**EXERCISE REQUIREMENTS**. Please reproduce all of the data exactly as it appears, but skip the pictures.

**INPUT DATA**.
——————

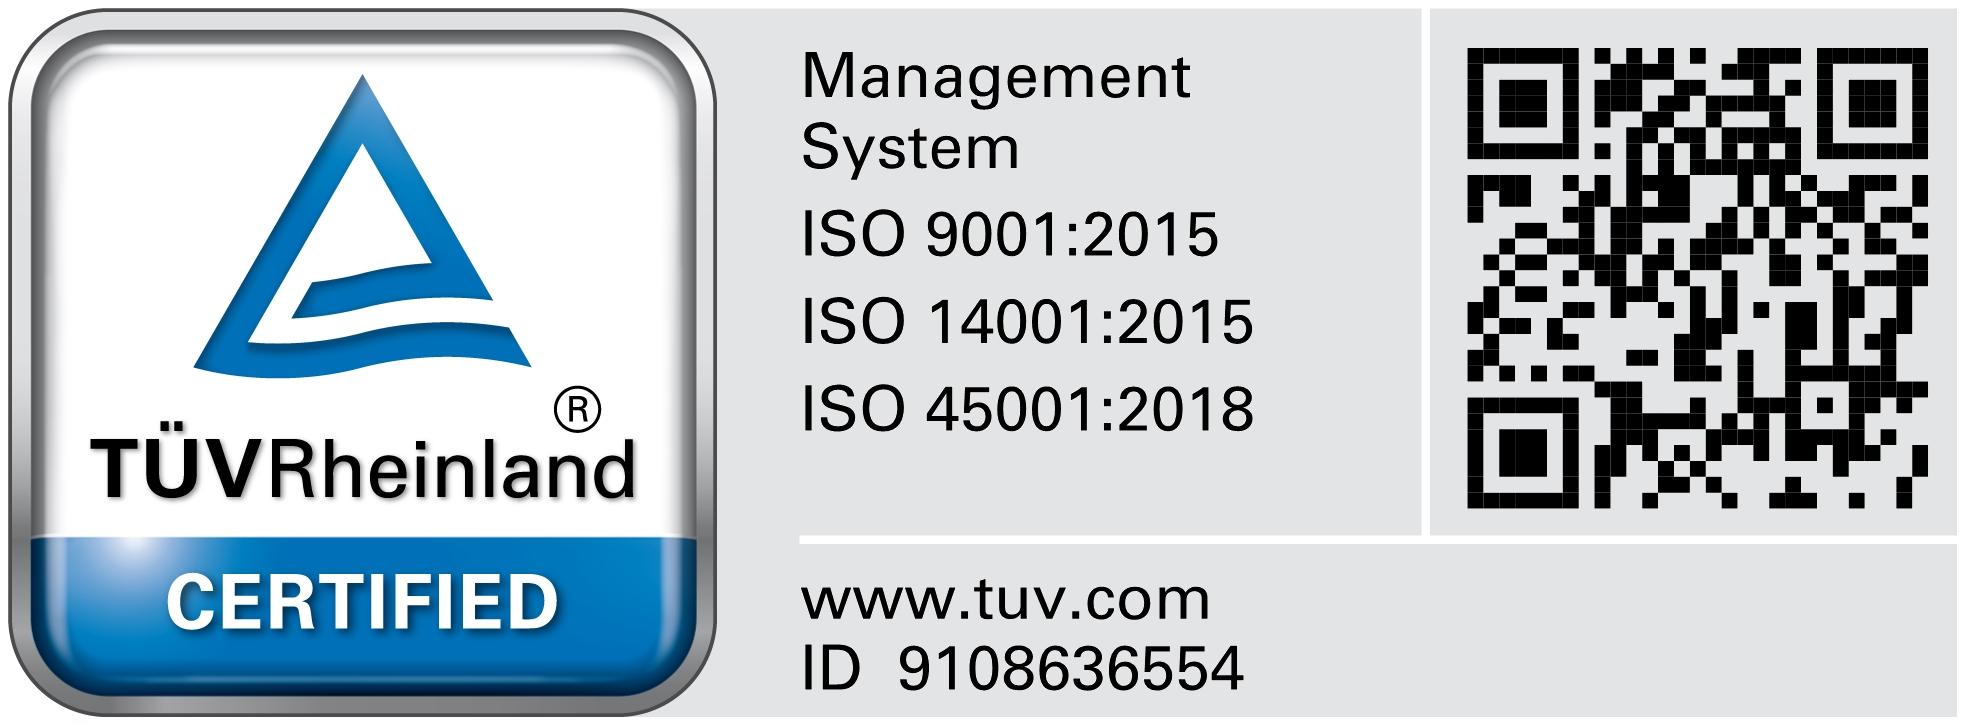 TR-Testmark_9108636554_EN_CMYK_with-QR-Code
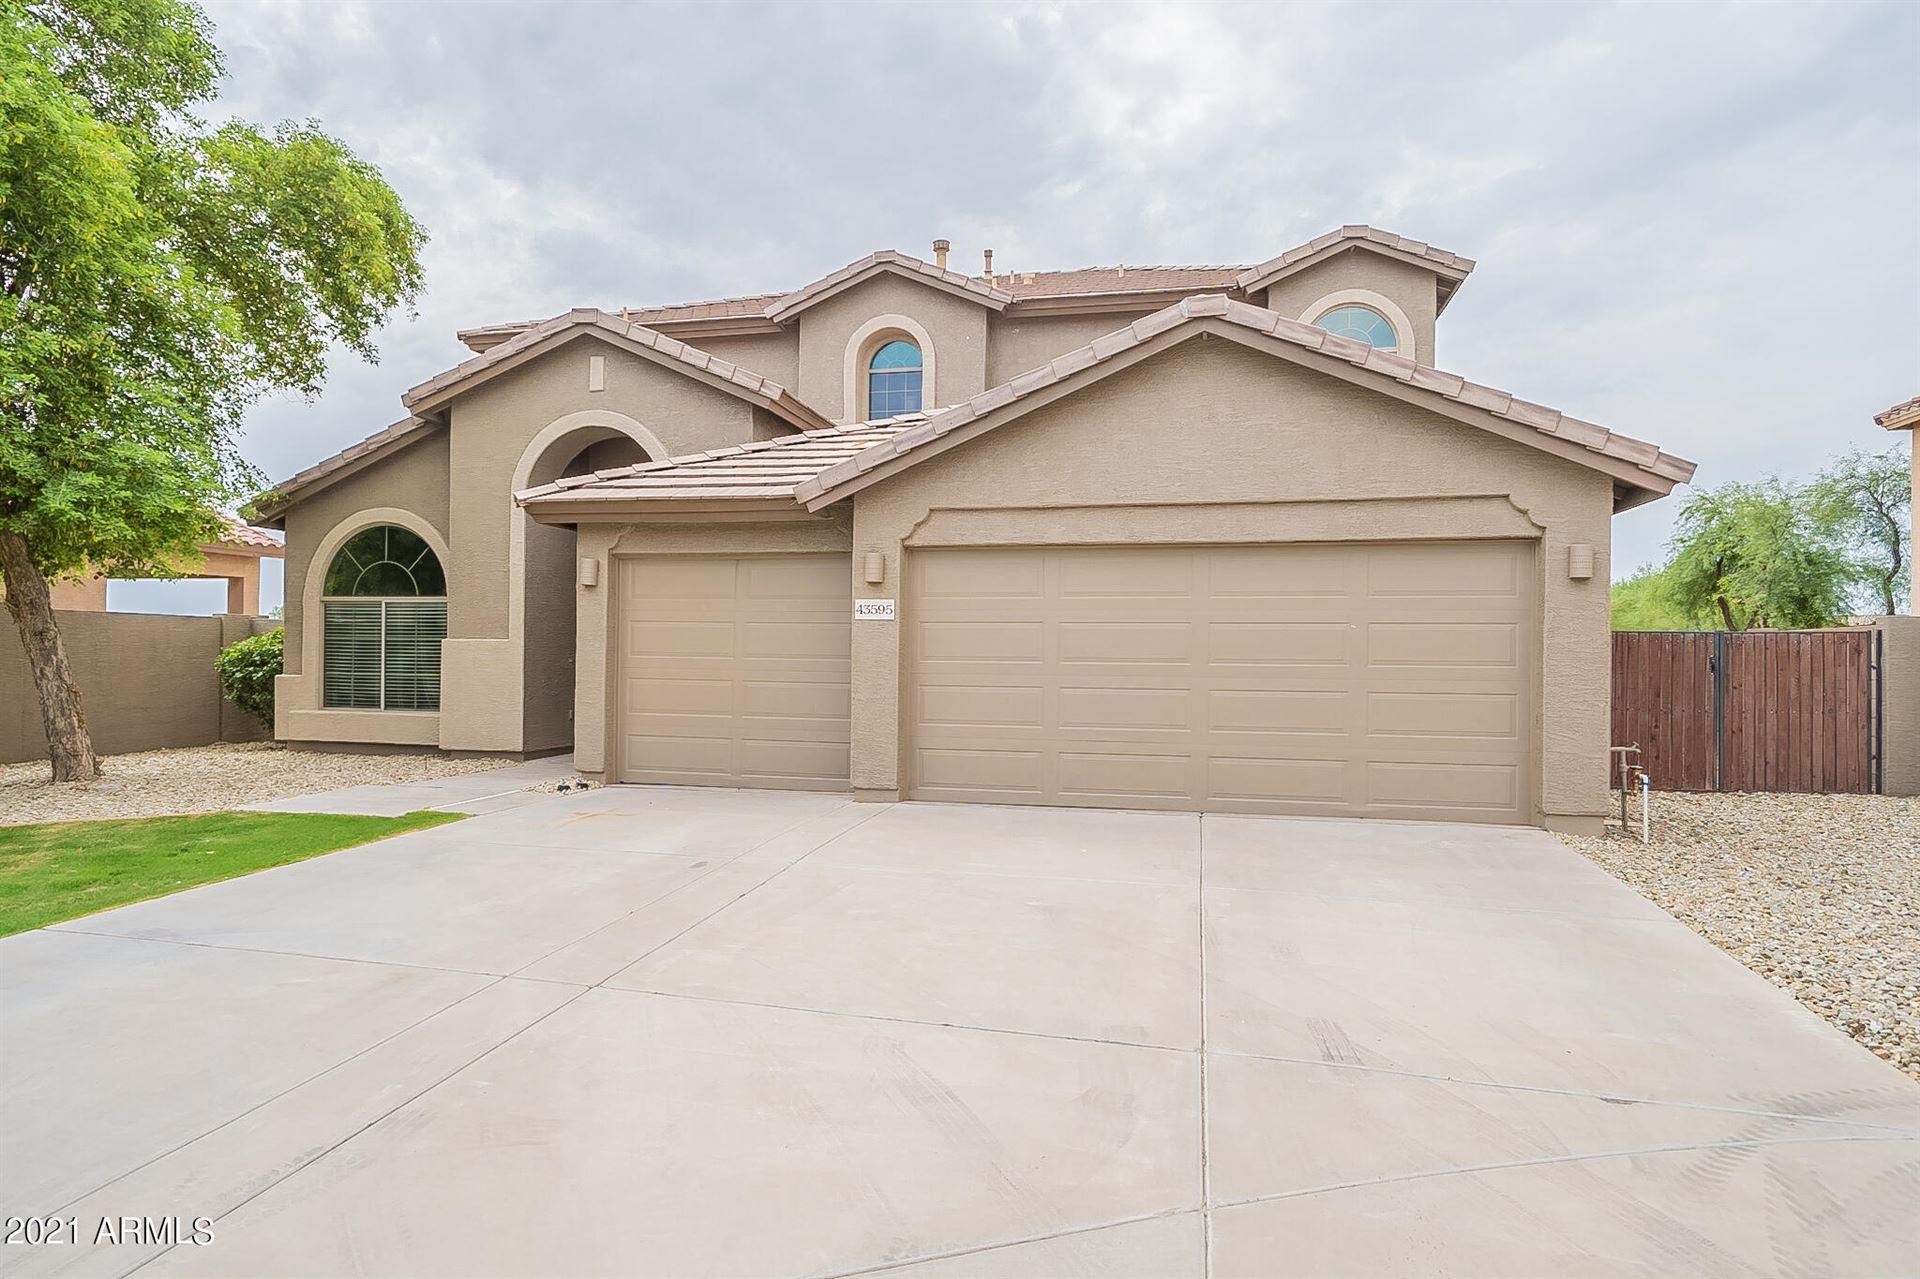 Photo for 43595 W BRAVO Court, Maricopa, AZ 85138 (MLS # 6269084)
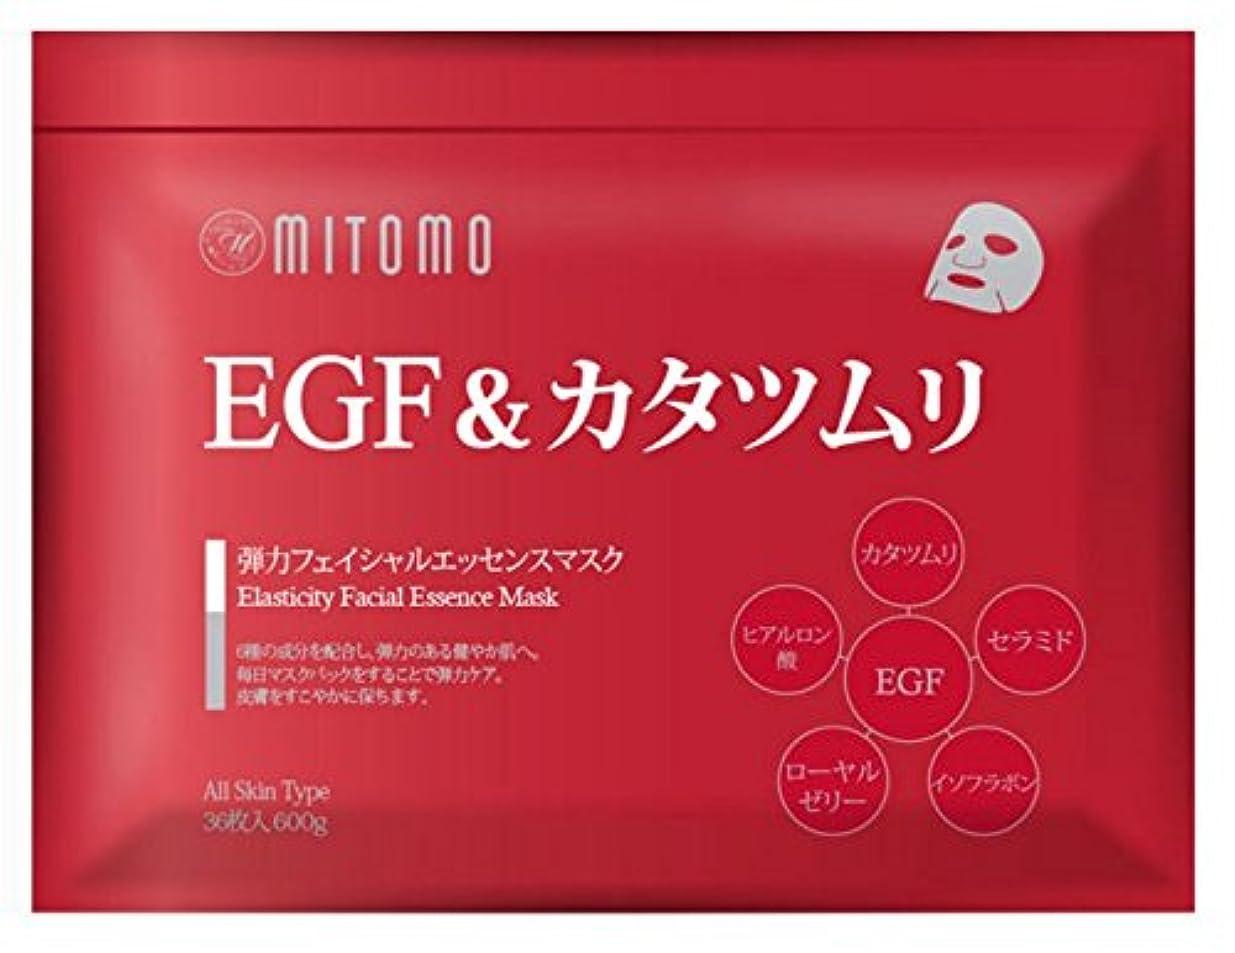 一致引き潮天文学【MITOMO/美友】フェイスマスク?シートマスク【MT001-E-0】EGF&カタツムリ36枚入
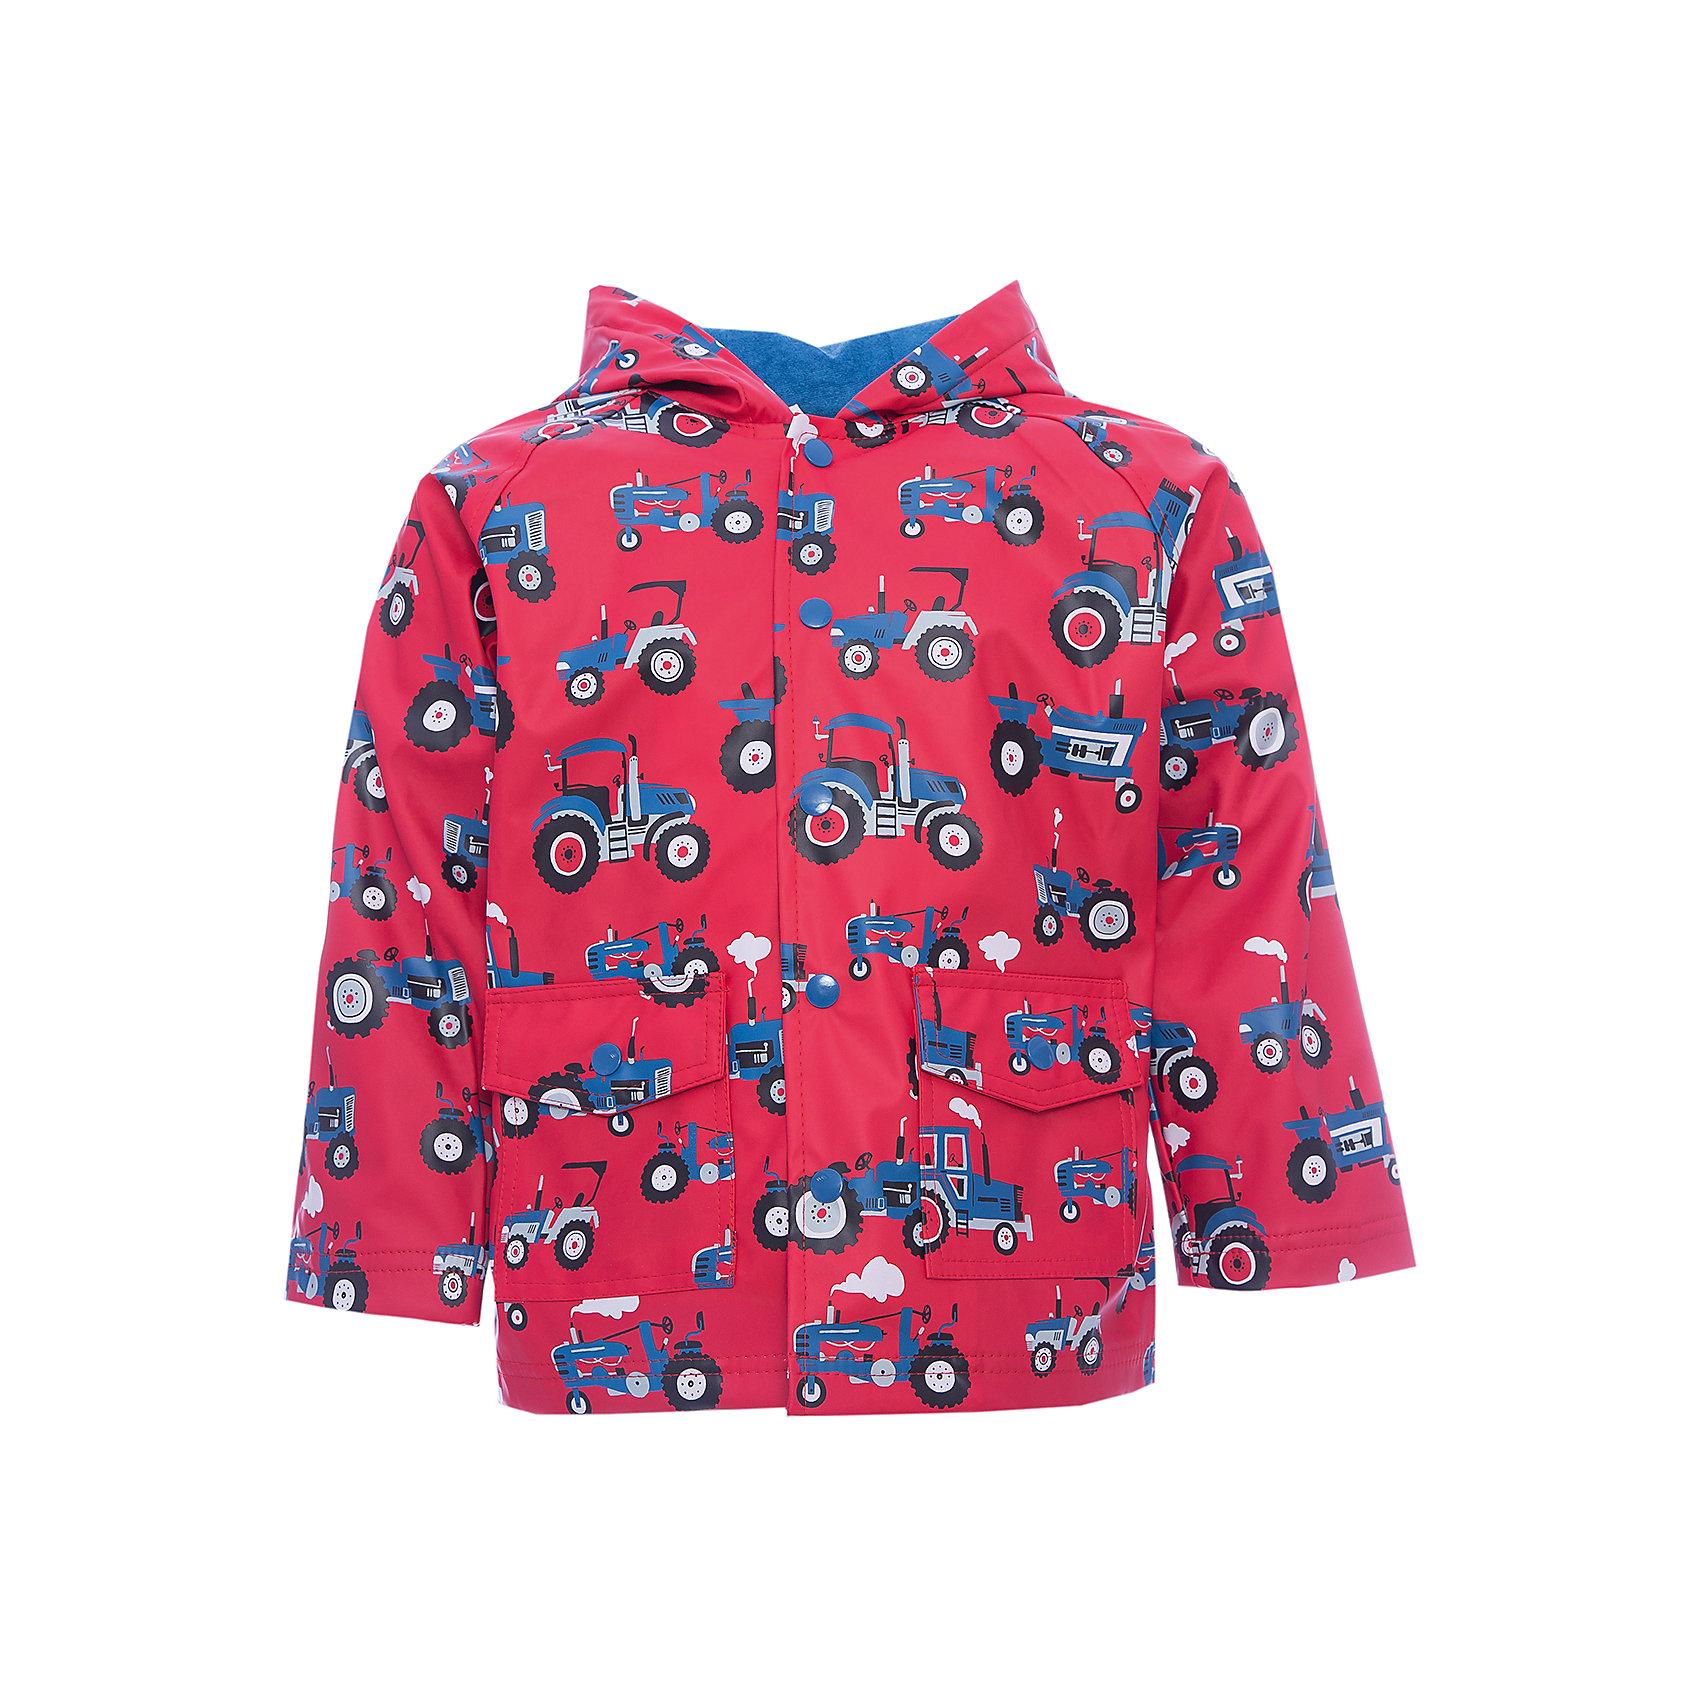 Hatley Плащ для мальчика Hatley купить вешалку напольную для брюк и

——————

**WRITTEN SOLUTION**.
 TR-Testmark_9108636554_EN_CMYK_with-QR-Code
 Photo for 43595 W BRAVO Court, Maricopa, AZ 85138 (MLS # 6269084)
 一致引き潮天文学【MITOMO/美友】フェイスマスク?シートマスク【MT001-E-0】EGF&カタツムリ36枚入
 Hatley Плащ для мальчика Hatley купить вешалку напольную для брюк и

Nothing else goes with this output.